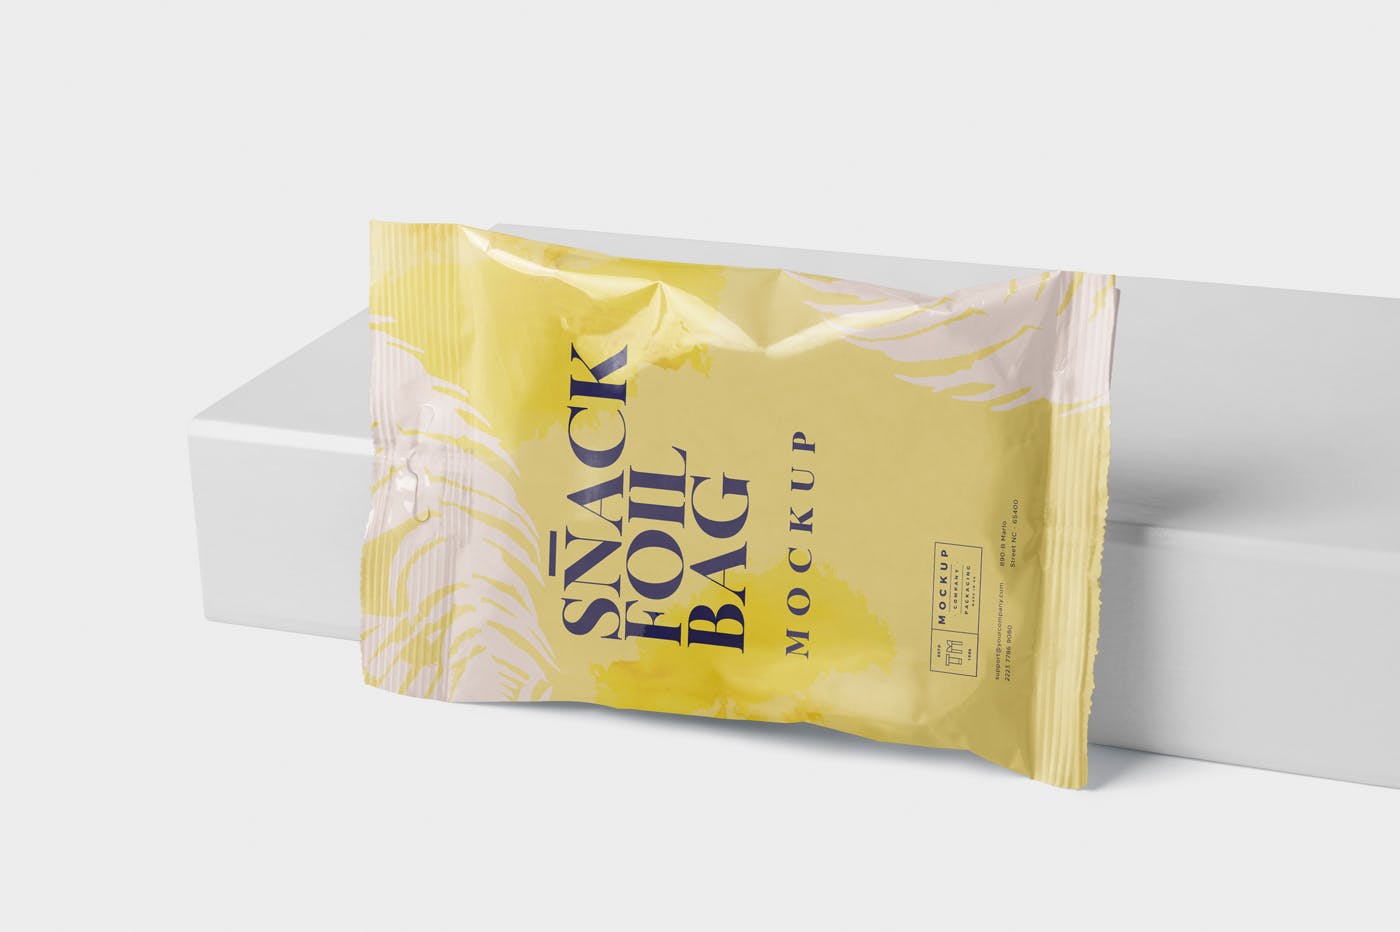 小吃零食铝箔包装袋设计样机模板 Snack Foil Bag Mockup – Slim Size插图(3)
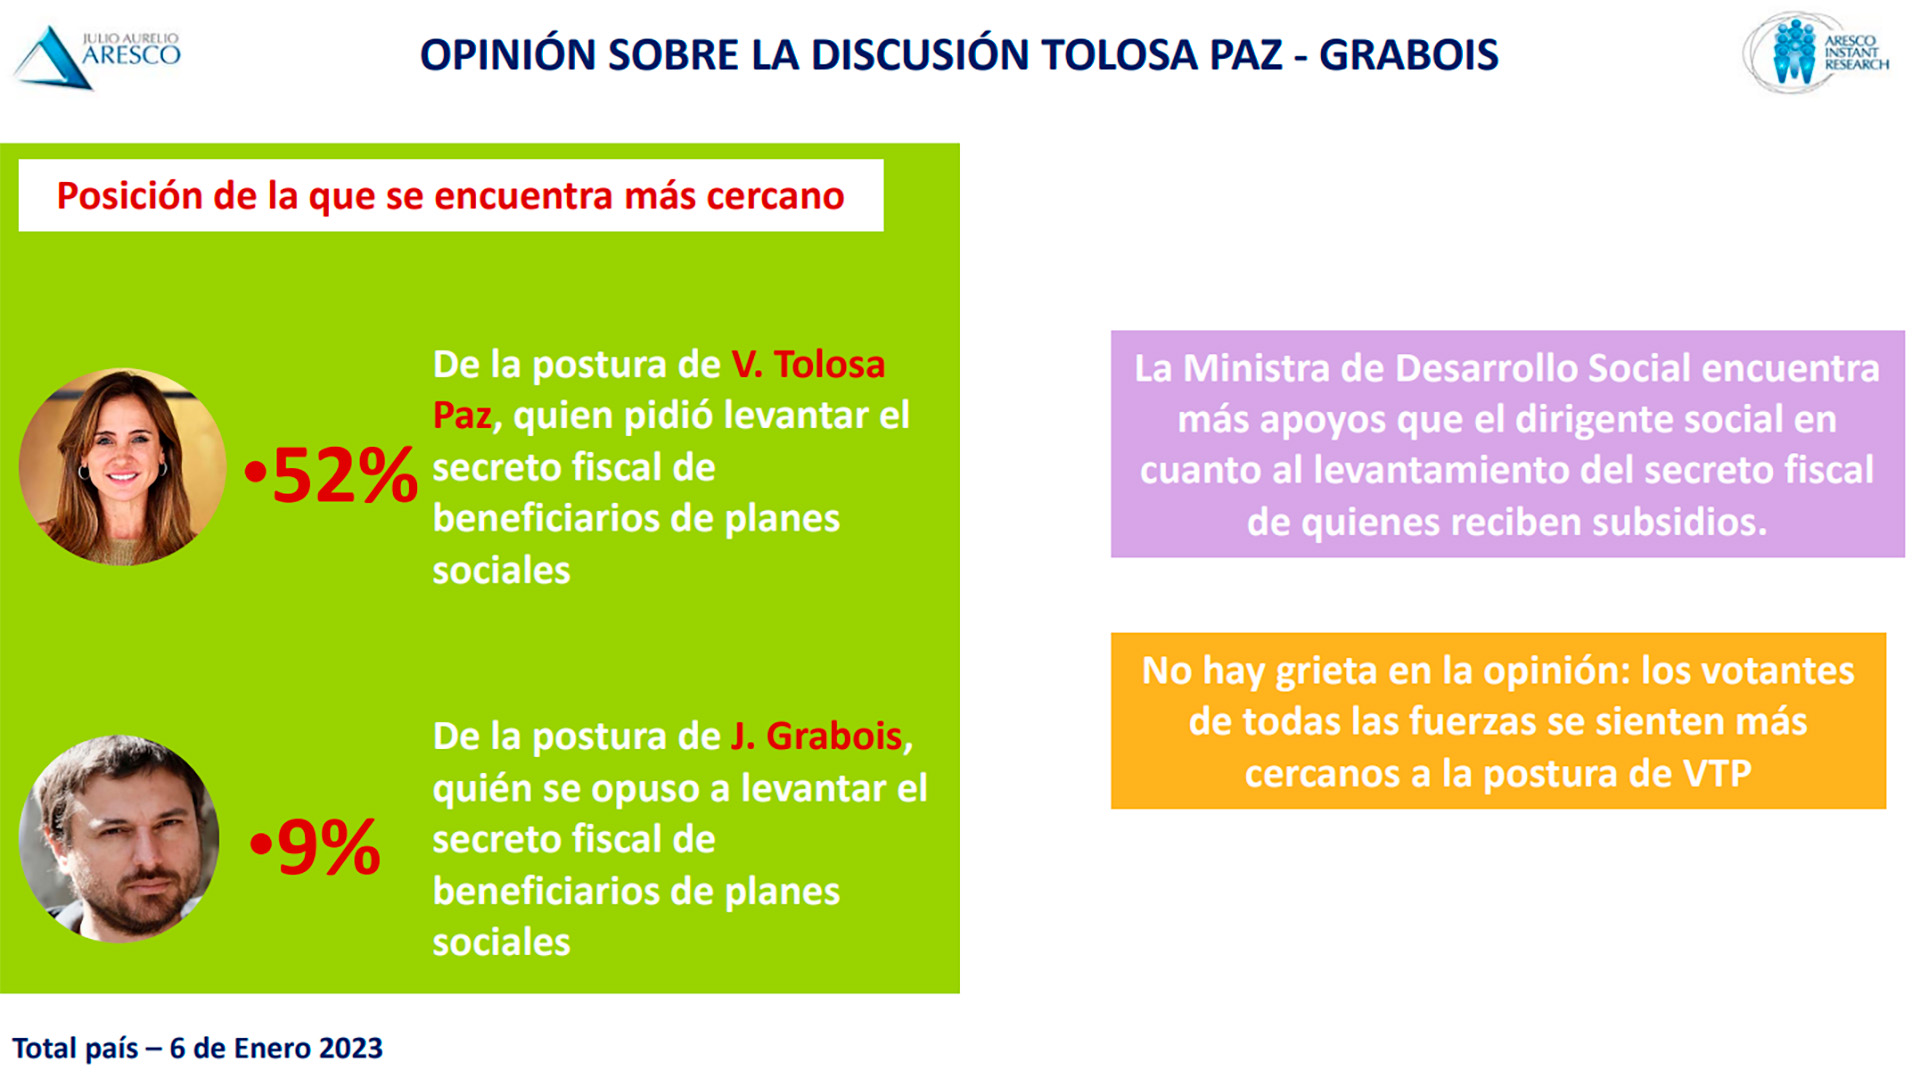 La opinión de los encuestados respecto al contrapunto entre Tolosa Paz y Grabois. 
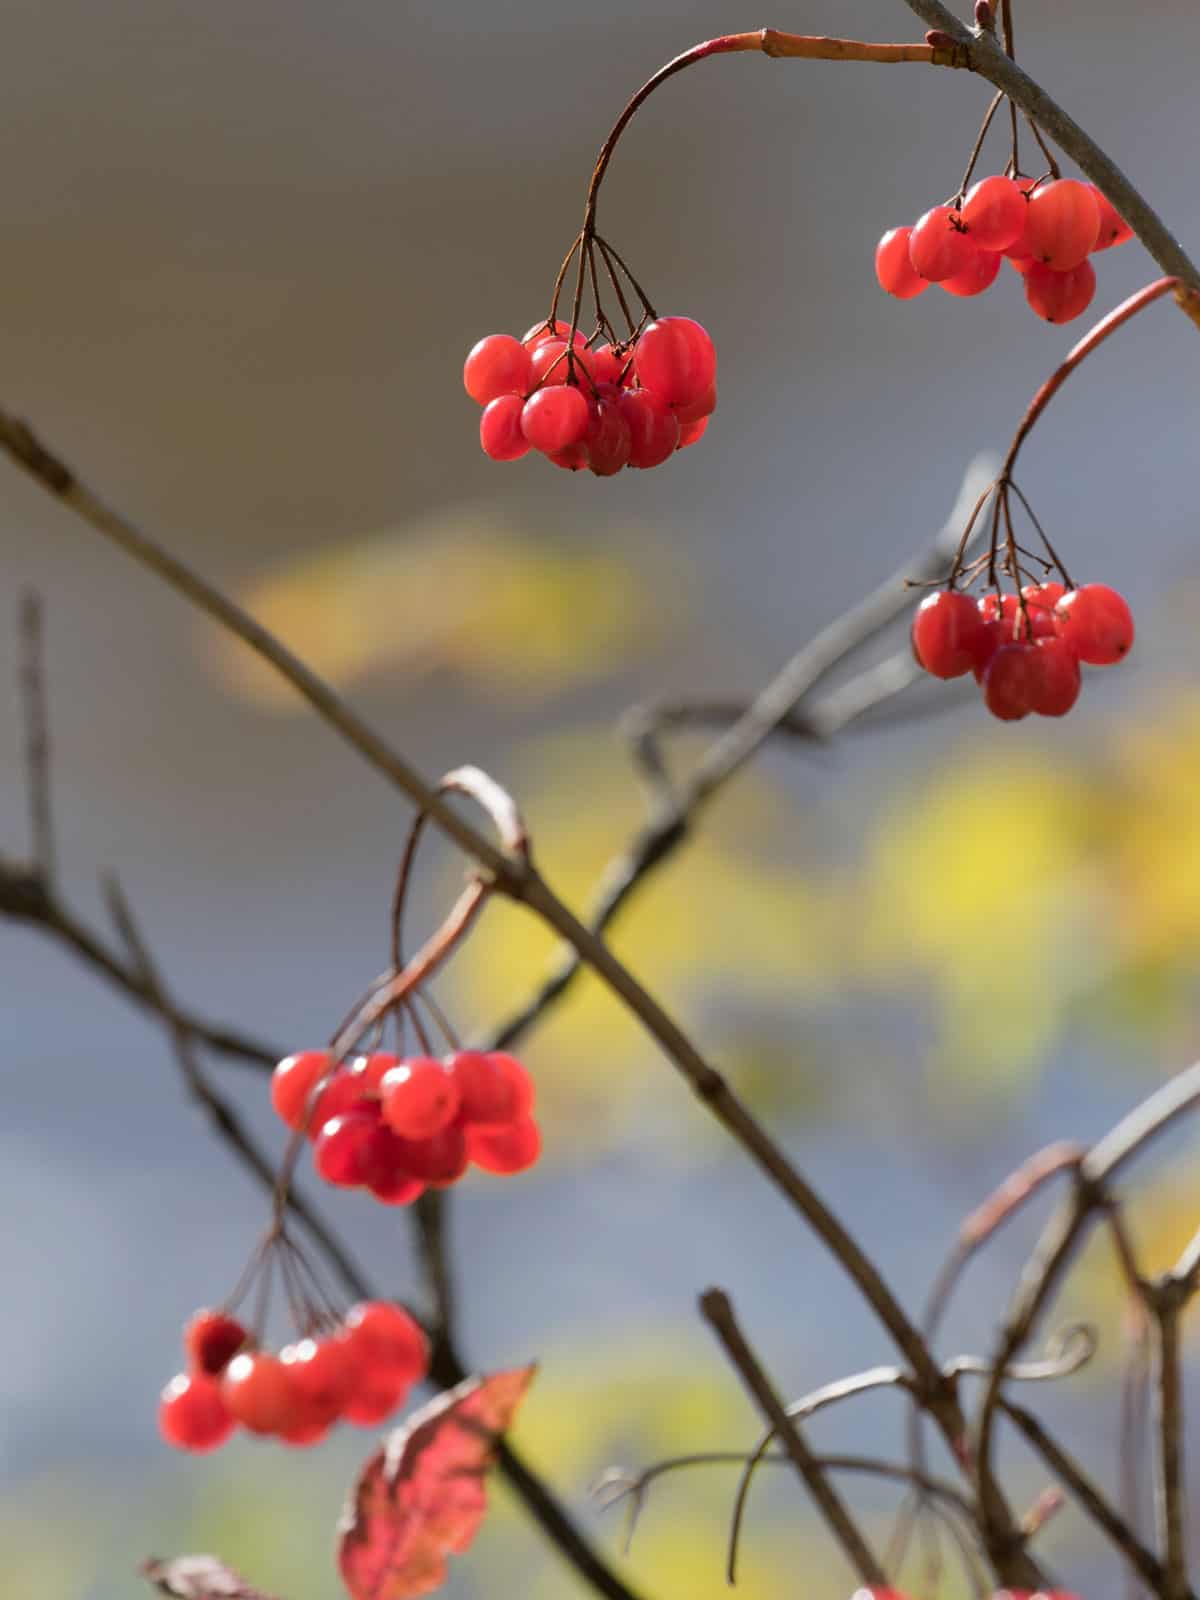 American Cranberrybush - Ripe red berries of American cranberrybush viburnum opulus in autumn

◆ WORK INSTRUCTION
Starting with the line that holds "La opinión de", print each line through the last one of the data exactly as written, but do not include the pictures.

◆ ANSWER AREA
 La opinión de los encuestados respecto al contrapunto entre Tolosa Paz y Grabois. 
 American Cranberrybush - Ripe red berries of American cranberrybush viburnum opulus in autumn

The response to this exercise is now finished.